The third element was the growing way in which New Zealand is “exporting” its innovative Governmental systems such as the way it manages MMP, the Integrated Data Infrastructure at Stats or the whole social investment approach.
“So as I got around Europe earlier this year, I found that the topic that most engaged the leaders I spoke with – the President of the EU, Chancellor of Germany, PM of Great Britain – was social investment.
“It immediately got their attention, because what NZ is talking about with the way it thinks about government analysis of the needs of its people and how to adapt services to have a more focussed longer term impact and change lives, is an attractive notion to any government, and it’s fresh. “
But it was the theme of naïve Kiwi optimism which infused the whole speech.
“In my view, a bit of naïve kiwi optimism can take us a long way.
“I’ve always thought it’s relatively pointless analysis to say everything is horrendously complicated and going very badly. “
He said trade negotiations needed it as did dealing with climate change.

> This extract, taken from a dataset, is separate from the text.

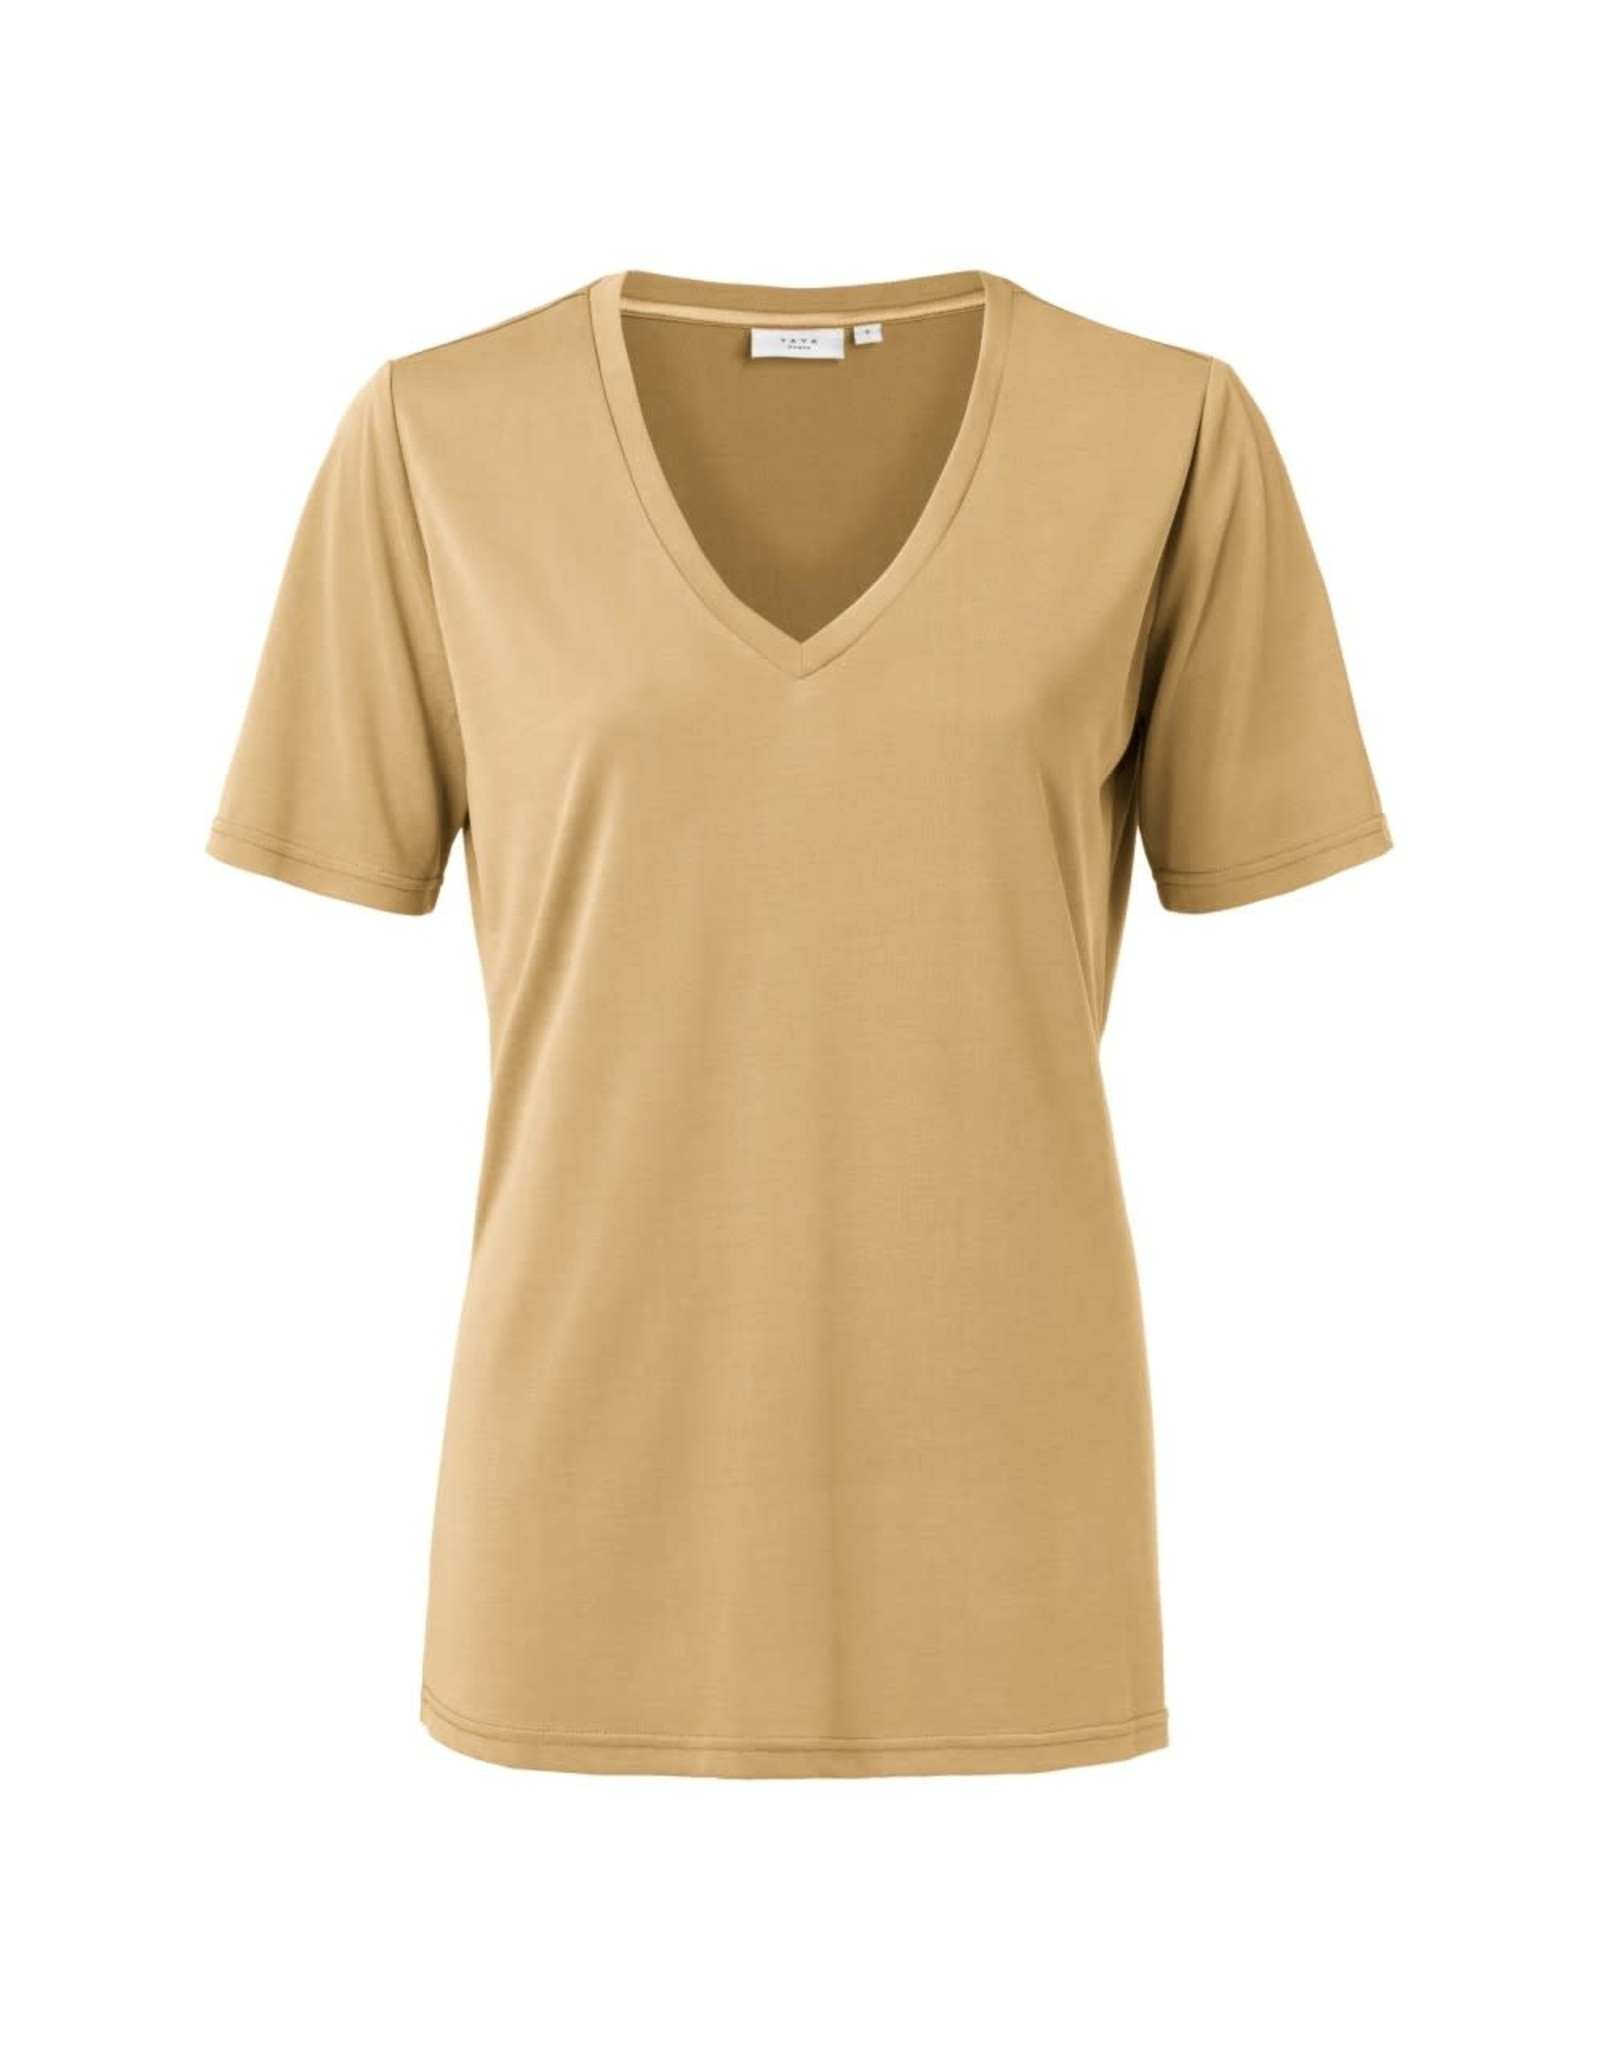 YaYa 1919121 T-shirt Dusty oker

English was optimistic about agreements with the EU, the TPP 11 and the Pacific Alliance.
And on the great global powers- China and America he reflected on his recent meetings with China’s Premier Li and the United States Secretary of State, Rex Tillerson.
“It was fascinating in the short space of a couple of months to get two views of what they think they’re doing, and what was striking about it was the similarity of the views, which was if anything reassuring rather than worrying – and by that I mean the acceptance of each other’s economic power, and the wariness of the projection of each other’s military power.”
But on the question of the American President, he said that everywhere he went people talked about Trump, so he didn’t.
“I don’t regard it as a kind of disruptive unpredictable wild influence on world affairs – it’s just another cycle of US isolationism.”